Here’s hoping all who read this do not need to address the issue in their coverage. But will workplace insurers pay for coronavirus testing, vaccination, and treatment if it is needed? (The federal government has moved to ensure these areas are affordable, but the savvy still may want to query companies and insurers before the need arises.) It also may be valuable to get an early read with the coverage you have as to whether a bout of Covid-19 will be considered a pre-existing condition that will complicate insurance in the days ahead.
For those who get their coverage at work, the persistent affordability challenge this season, as it has been for several years now, will be dealing with patients’ medical spending (yes, it is time to scrutinize what it has been for you and your loved ones) and balancing monthly premium costs with ever-increasing deductibles — the sums that the insured must pay out of pocket before their policies kick in. Too many Americans, even if they have workplace coverage, forego medical services because they can’t afford to pay for them with high deductibles. Some consumers are getting gulled into taking lower premiums for non-ACA policies — only to discover this insurance pays next to nothing when patients need medical services most.

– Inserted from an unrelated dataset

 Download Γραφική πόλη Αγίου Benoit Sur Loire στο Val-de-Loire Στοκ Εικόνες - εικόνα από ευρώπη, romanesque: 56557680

Millions of Americans, sadly, will be seeking coverage through Obamacare exchanges (with subsidies) or through Medicaid. That’s because they have lost jobs, employer coverage, and can’t afford the pricey option known as COBRA to continue their work-provided policies.

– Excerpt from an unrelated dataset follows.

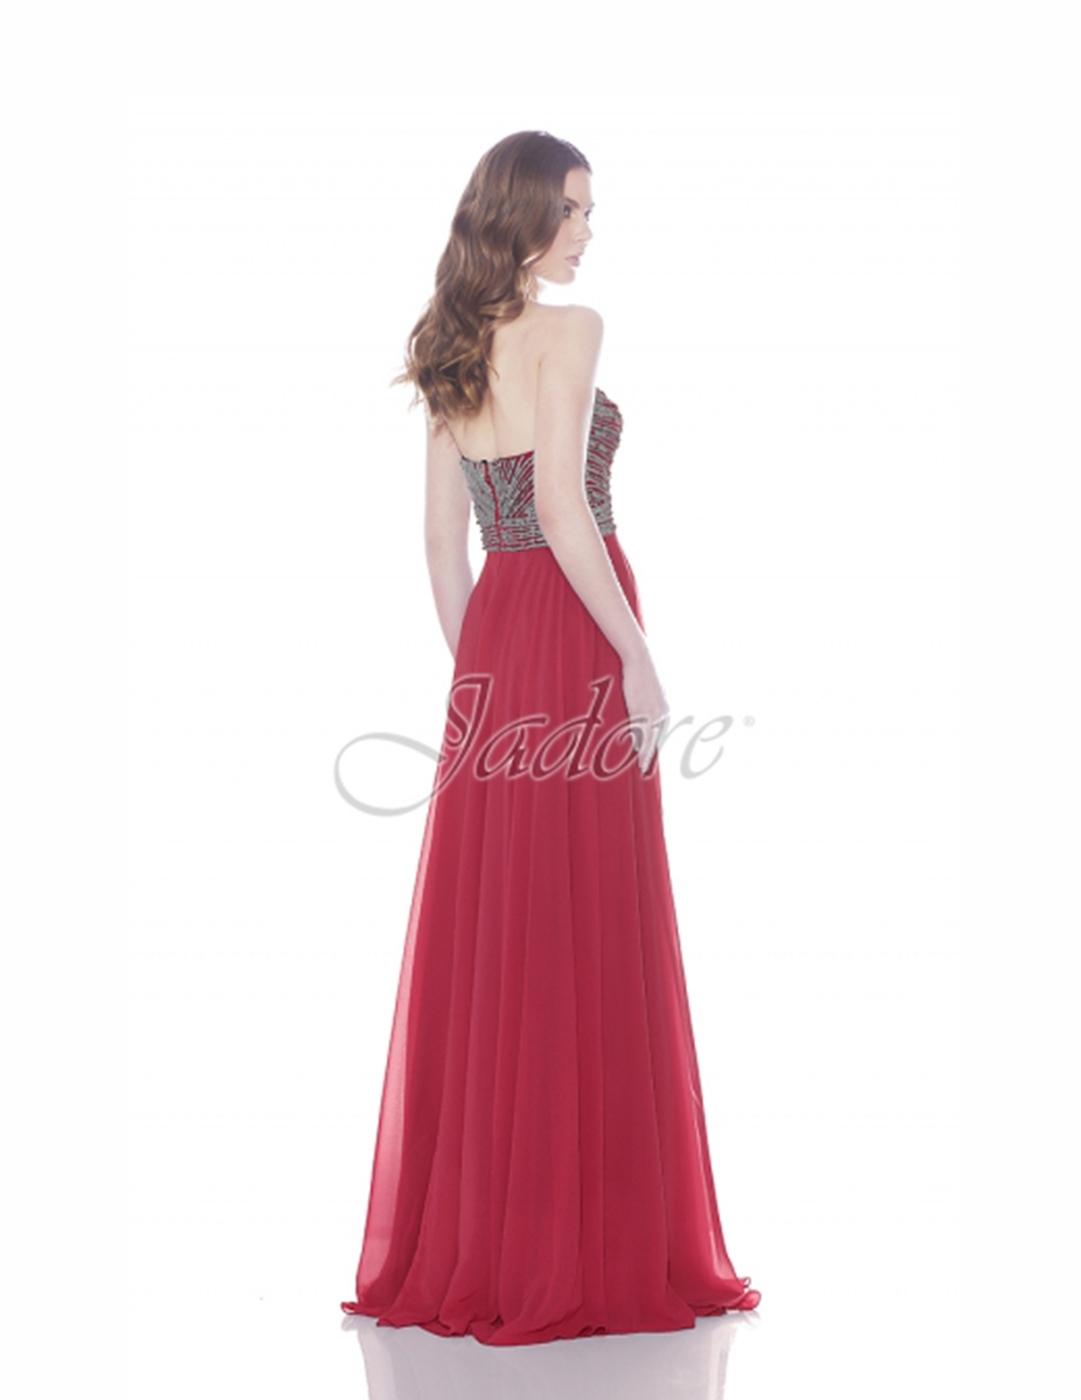 e4c55c89e18 Evening Dress by Jadore Jadore J7 Collection - J7061

For seniors, November also is a time when the window is open for patients to change their Medicare plans, notably “gap coverage” and Part D prescription drug plans. They also get to think about the pluses and minuses of Medicare Advantage programs.
All of this is not much fun to dig into, honestly. But it can mean a world of difference to you and your loved ones.
In my practice, I see not only the harms that patients suffer while seeking medical services, but also their struggles to access and afford safe, efficient, and excellent health care. This has become an ordeal due to the skyrocketing cost, complexity, and uncertainty of treatments and prescription medications, too many of which turn out to be dangerous drugs.
The pandemic, and the shambolic federal response to it, has increased the pressure on all Americans to research carefully, think with rigor, and act with urgency about their health and the well-being of the nation. Please vote if you have not already and do so safely. Consider with great care whether holiday traditions can take a pause for this year to safeguard family and friends, or if alternatives can be found to keep your near and dear secure and festive. Considering how the political battles over affordable health coverage have consumed U.S. politics for a decade, it may not be too much to ask to take more than the span of half of a typical daytime soap opera to ensure the insurance you have for you and your loved ones is optimal, right?
Surveys for some time have found that Americans have regarded health care and health insurance to be among their top political issues for 2020. We have a lot of work to do in the days ahead to ensure that what we want as a people — that health care is a right and not a privilege for the wealthy few — comes to pass, in democratic fashion.